REQUIRED ACTION: Within the listing that follows, reproduce exactly the lines starting at the line with "Multirole Employee Time" and ending at the line with "Rich Brian, Chung Ha: These Nights Review", inclusive, and only those. Pictures are dropped.

DATA:
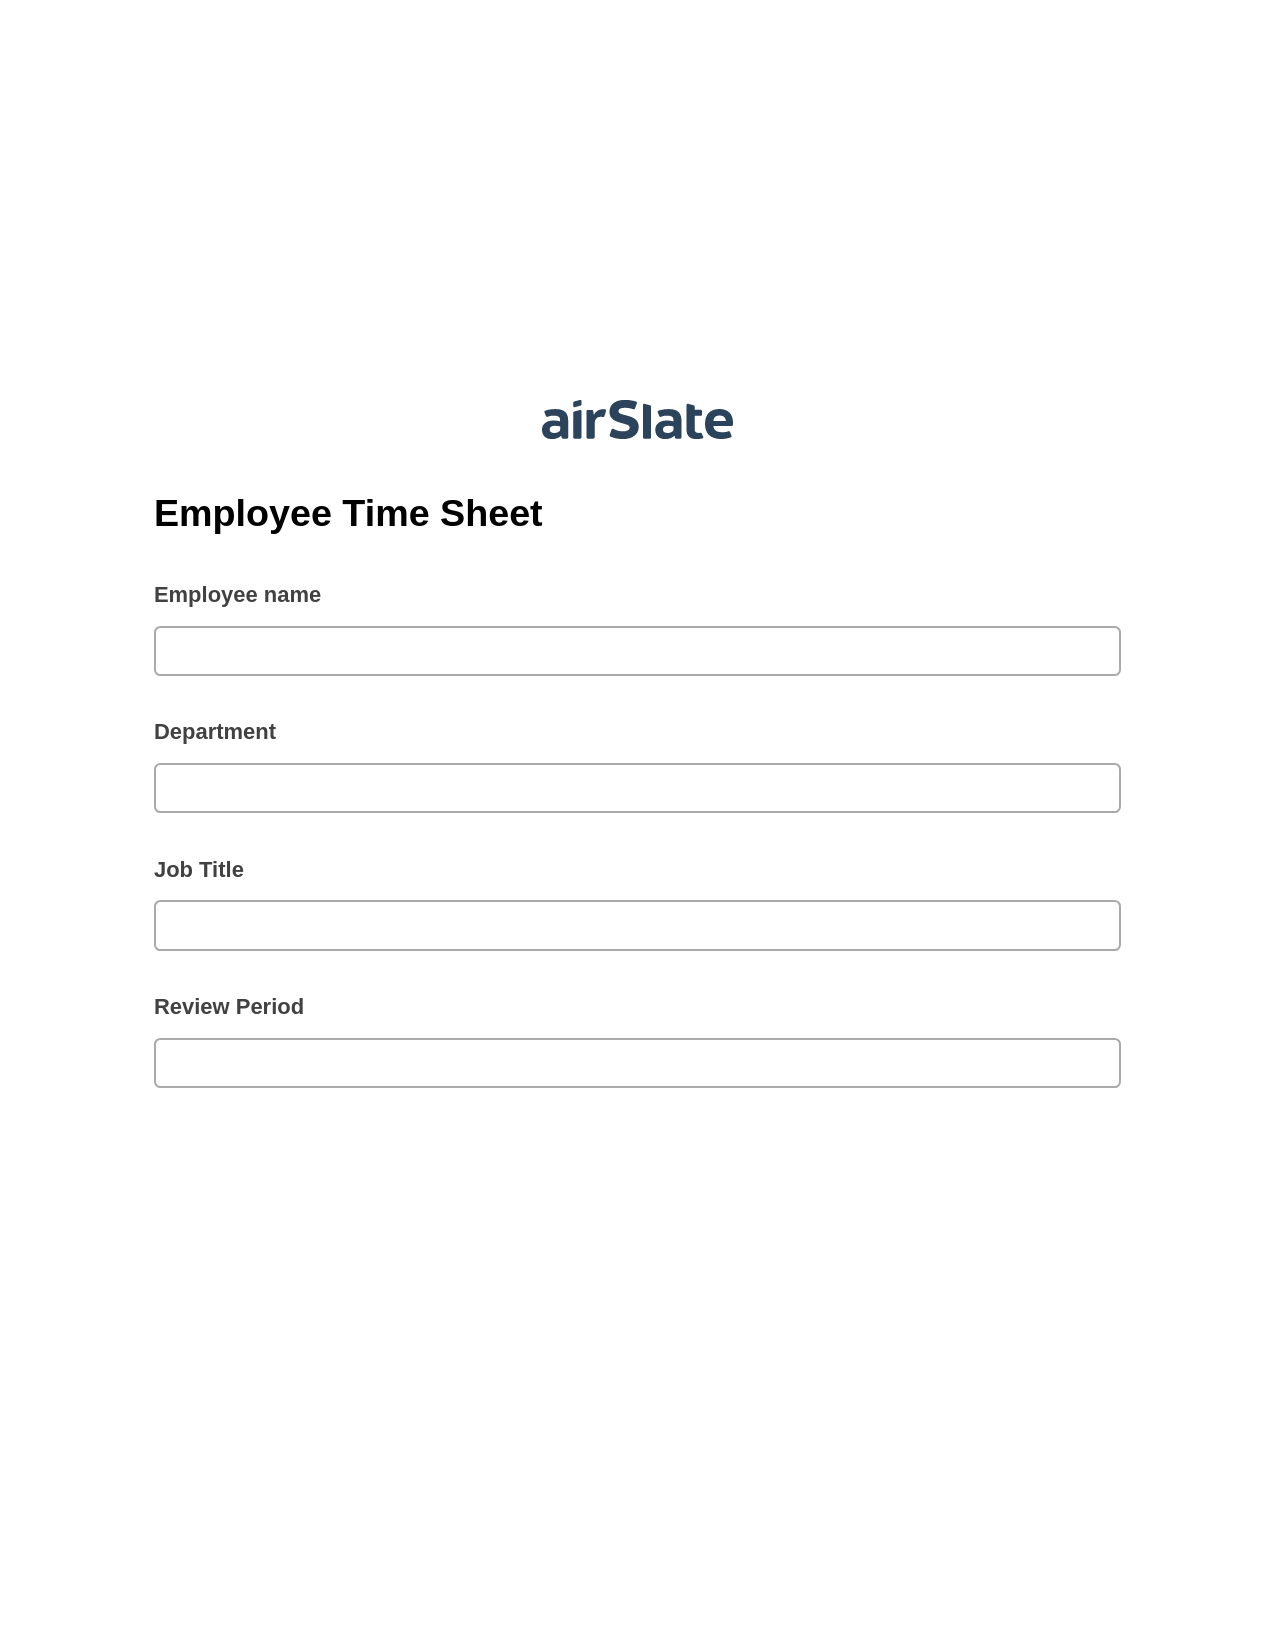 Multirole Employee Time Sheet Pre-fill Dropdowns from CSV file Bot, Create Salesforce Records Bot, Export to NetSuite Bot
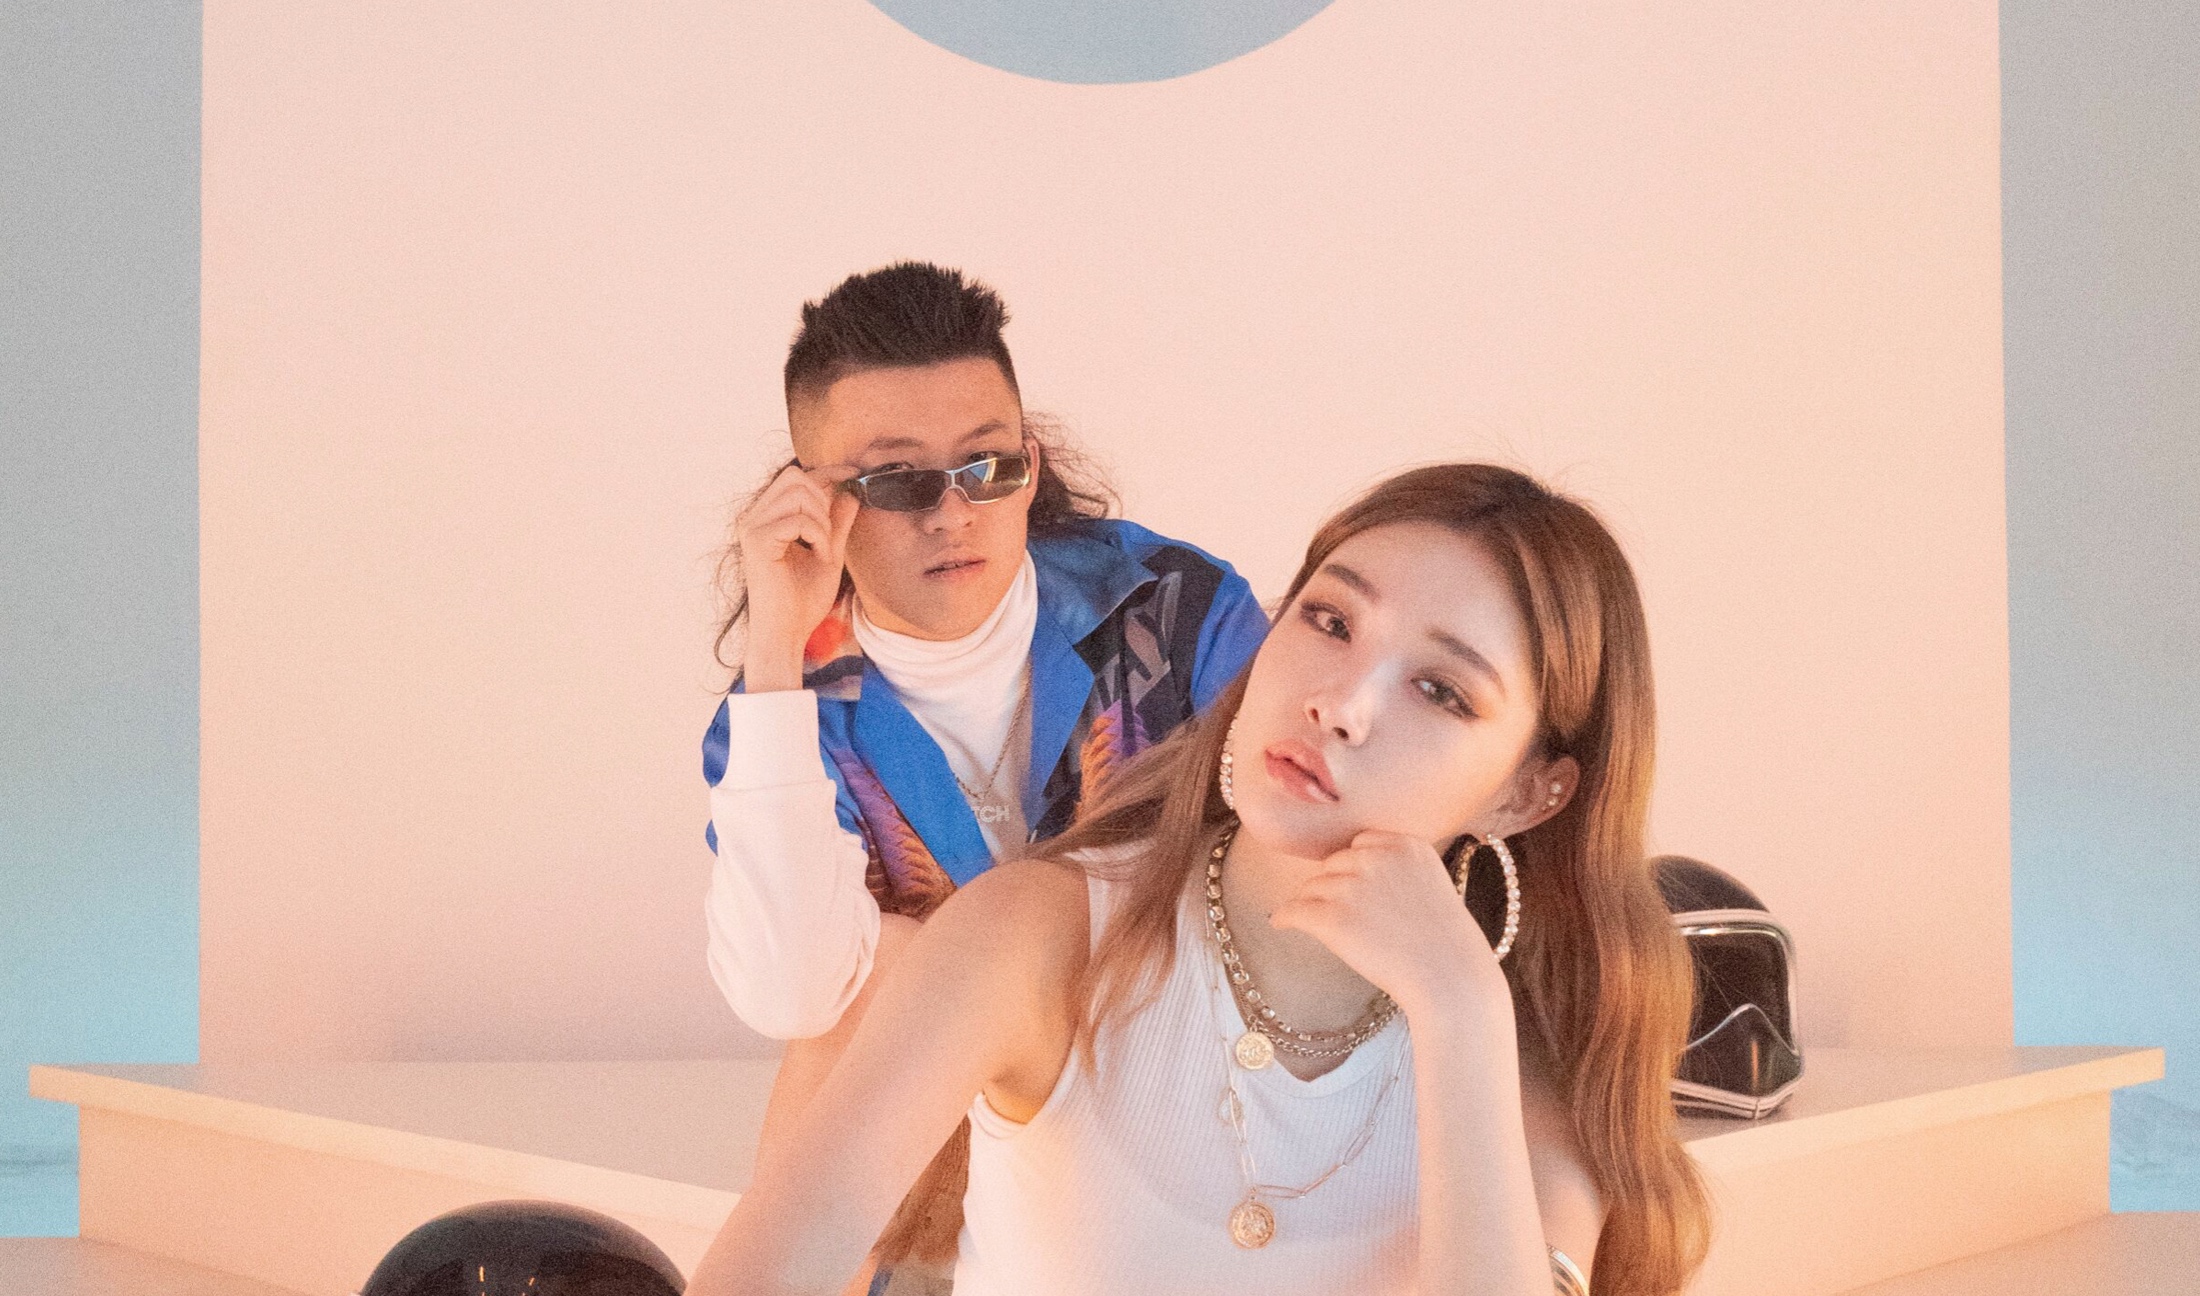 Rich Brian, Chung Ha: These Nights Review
* * *
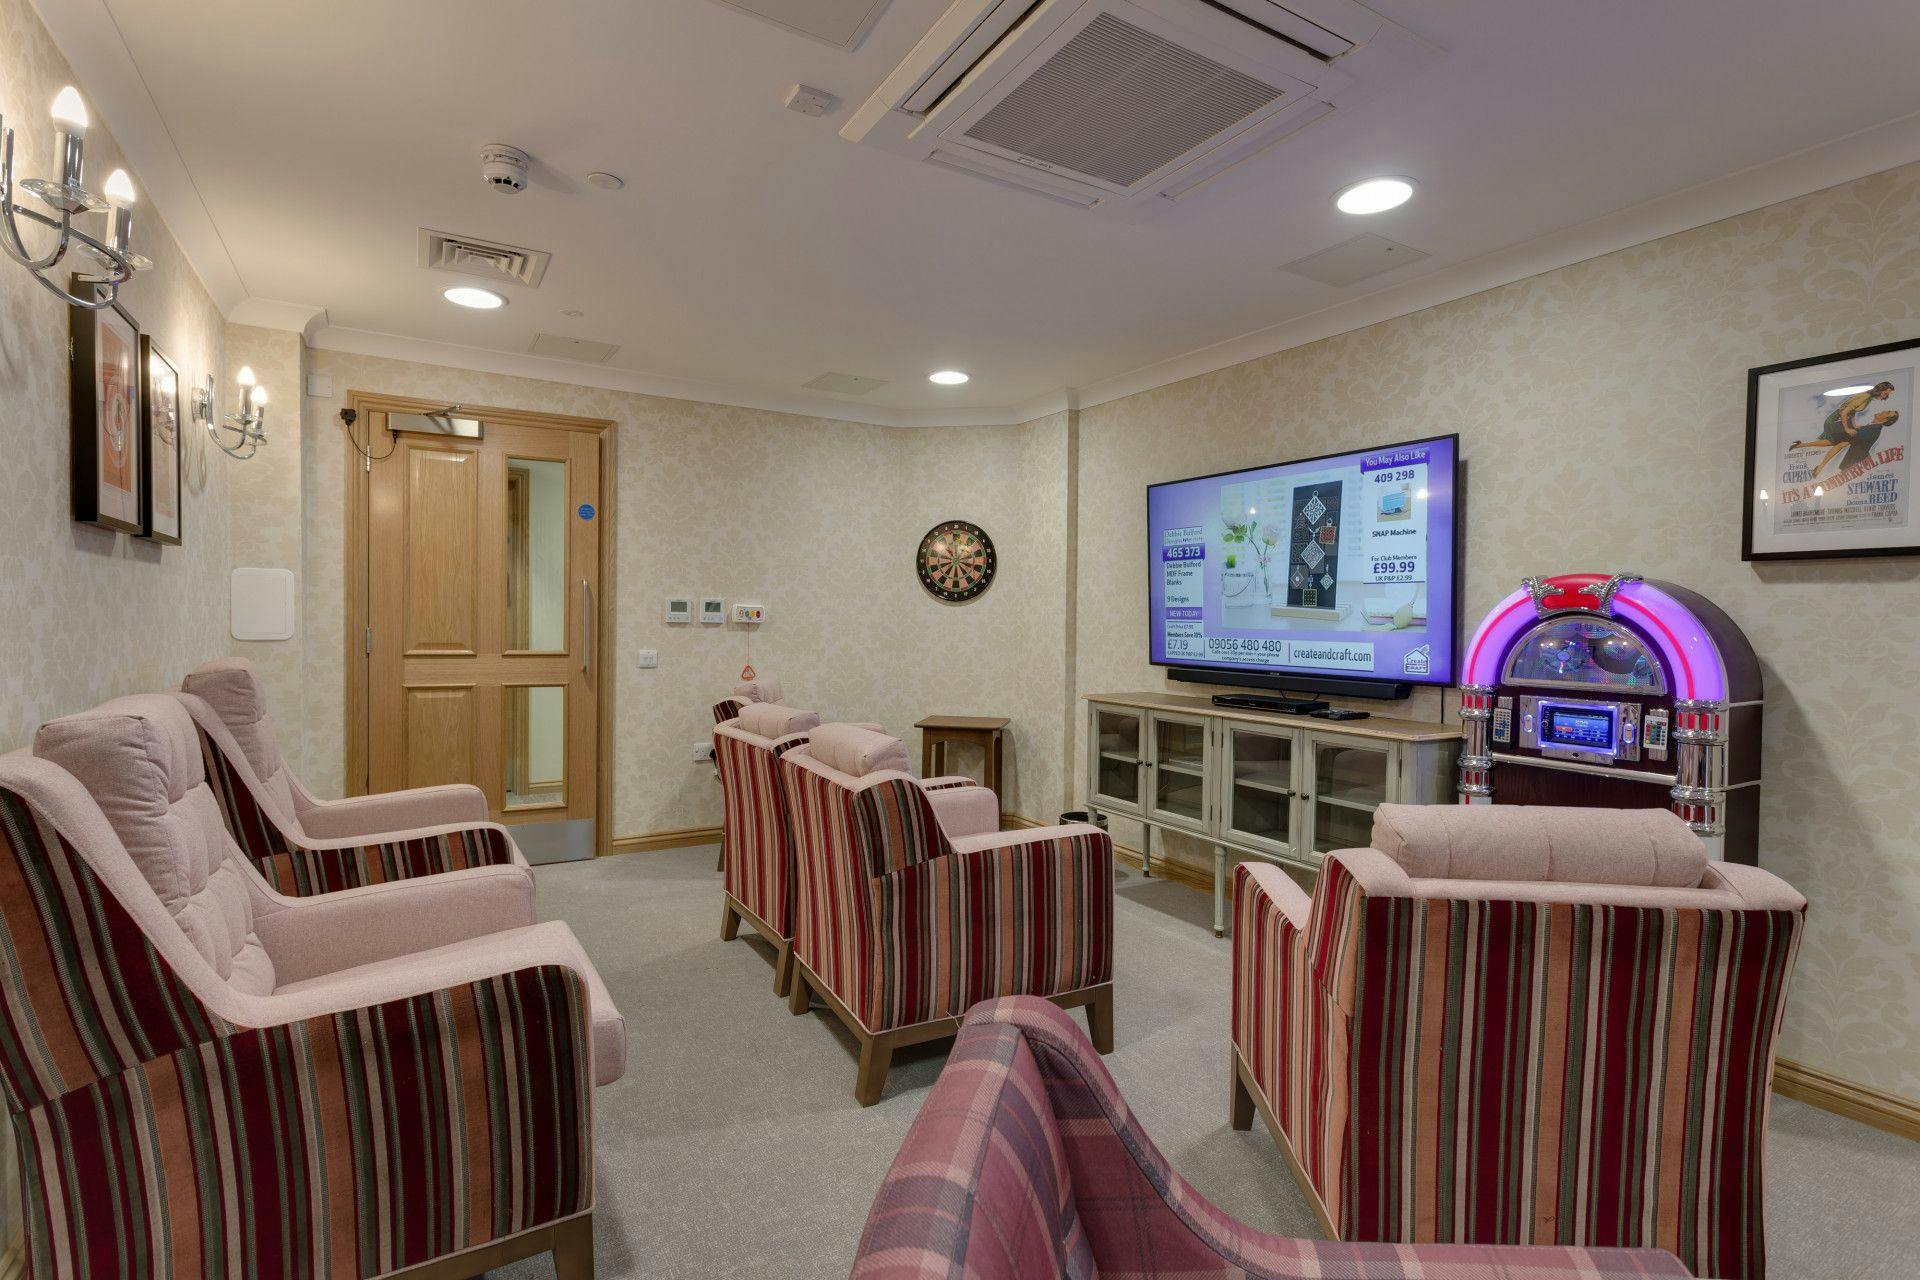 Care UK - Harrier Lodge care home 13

OUTPUT OF THE EXERCISE:
 Multirole Employee Time Sheet Pre-fill Dropdowns from CSV file Bot, Create Salesforce Records Bot, Export to NetSuite Bot
 Rich Brian, Chung Ha: These Nights Review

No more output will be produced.